Use a psychrometric chart or humidity table to determine the relative humidity (%) based on T₁ and (T₁ - T₂).

Note:

Use the psychrometric chart to find the dew point (the temperature at which air becomes saturated and condensation begins).

Humidification Formula and Calculation

Formula to Calculate Relative Humidity (%)✏️

Note: This formula is only applicable for using the Fahrenheit (°F) hygrometer.

Step 1: Subtract Wet Bulb from Dry Bulb → (Dry - Wet)

Step 2: Divide the Result by Dry Bulb → (Dry - Wet) ÷ Dry

Step 3: Multiply by 300 → [(Dry - Wet) ÷ Dry] × 300

Step 4: Subtract 98 → Final Result = Step 3 - 98

Example:

Dry = 98°F, Wet = 88°F

(98 - 88) ÷ 98 × 300 - 98 = 67% RH

✅ Final Answer: 67% Relative Humidity.

This simplified formula provides an approximate relative humidity value. For precise calculations, engineers use psychrometric charts or digital calculators.

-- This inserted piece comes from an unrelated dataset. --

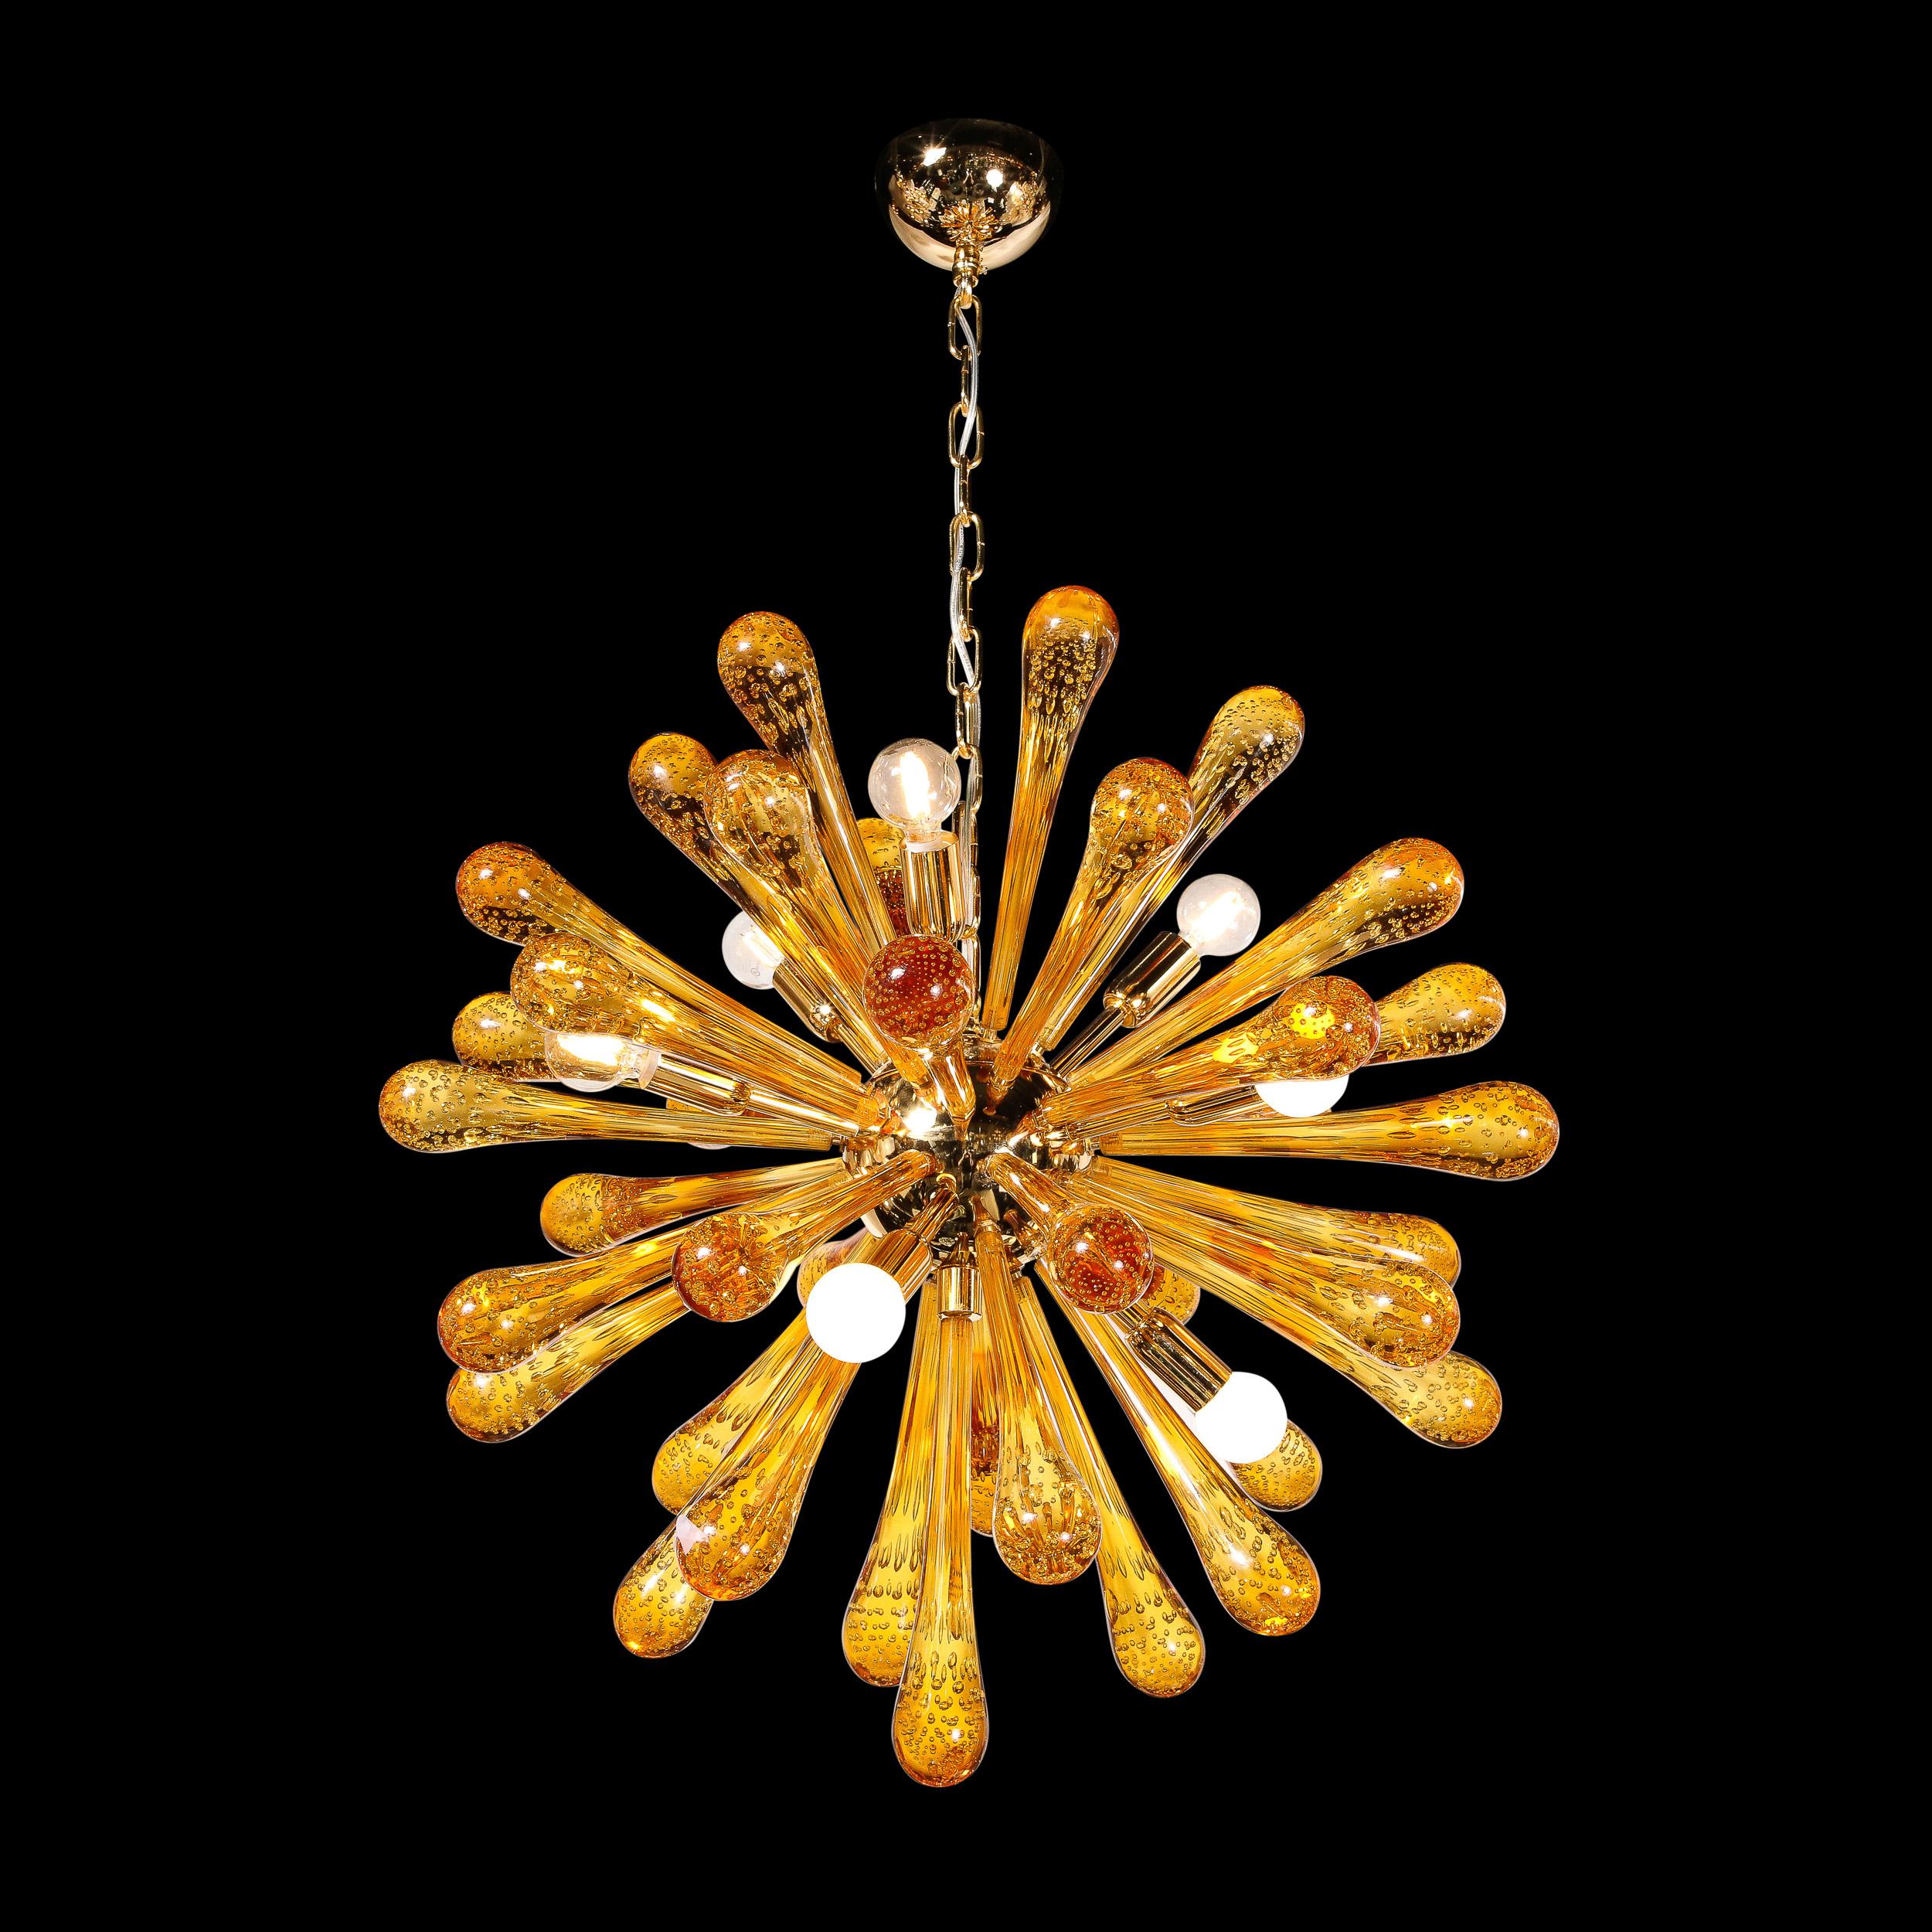 This graphic and sophisticated Sputnik was hand blown in Murano, Italy- the island off the coast of Venice renowned for centuries for its superlative glass production. It features an abundance of glass rods with bulbous ends of translucent glass in

Temperature Converting (°C - °F) and (°F - °C)🌡️

Temperature Converting Formula

Fahrenheit to Celsius Conversion Formula

To convert temperature from Fahrenheit (°F) to Celsius (°C), use the following formula:

Celsius (°C) = (Fahrenheit (°F) - 32) ÷ 1.8

Example:

Let's convert 98°F to Celsius:

Step 1: 98 - 32 = 66

Step 2: 66 ÷ 1.8 = 36.66°C

Step 3: Rounded result = 36°C

✅ Final Answer: 98°F = 36°C

Fahrenheit to Celsius Conversion (Alternate Formula)

Convert temperature from Fahrenheit (°F) to Celsius (°C) using this alternate form of the formula:

Celsius (°C) = (5 ÷ 9) × (Fahrenheit - 32)

Or: Celsius (°C) = 0.555 × (Fahrenheit - 32) (approx.)

Example: Convert 98°F to Celsius

Step 1: 5 ÷ 9 = 0.555 (approx.)

Step 2: 98 - 32 = 66

Step 3: 0.555 × 66 = 36.63°C

✅ Final Answer: 98°F = 36.63°C

Celsius to Fahrenheit Conversion Formula

To convert temperature from Celsius (°C) to Fahrenheit (°F), use the following formula:

Fahrenheit (°F) = (Celsius (°C) × 1.8) + 32

Example: Convert 36°C to Fahrenheit

Step 1: 36°C × 1.8 = 64.8

Step 2: 64.8 + 32 = 98.4°F

Step 3: Rounded = 98°F

✅ Final Answer: 36°C = 98°F

Tips for Accurate Readings:

Ensure the wick is clean and fully moist.
Whirl consistently at a steady pace.
Take readings away from direct sunlight or heat sources.
Use a psychrometric chart or an online calculator for precise humidity calculations.

Industrial Applications of Humidity Control

Textile industry (Prevent fiber breakage)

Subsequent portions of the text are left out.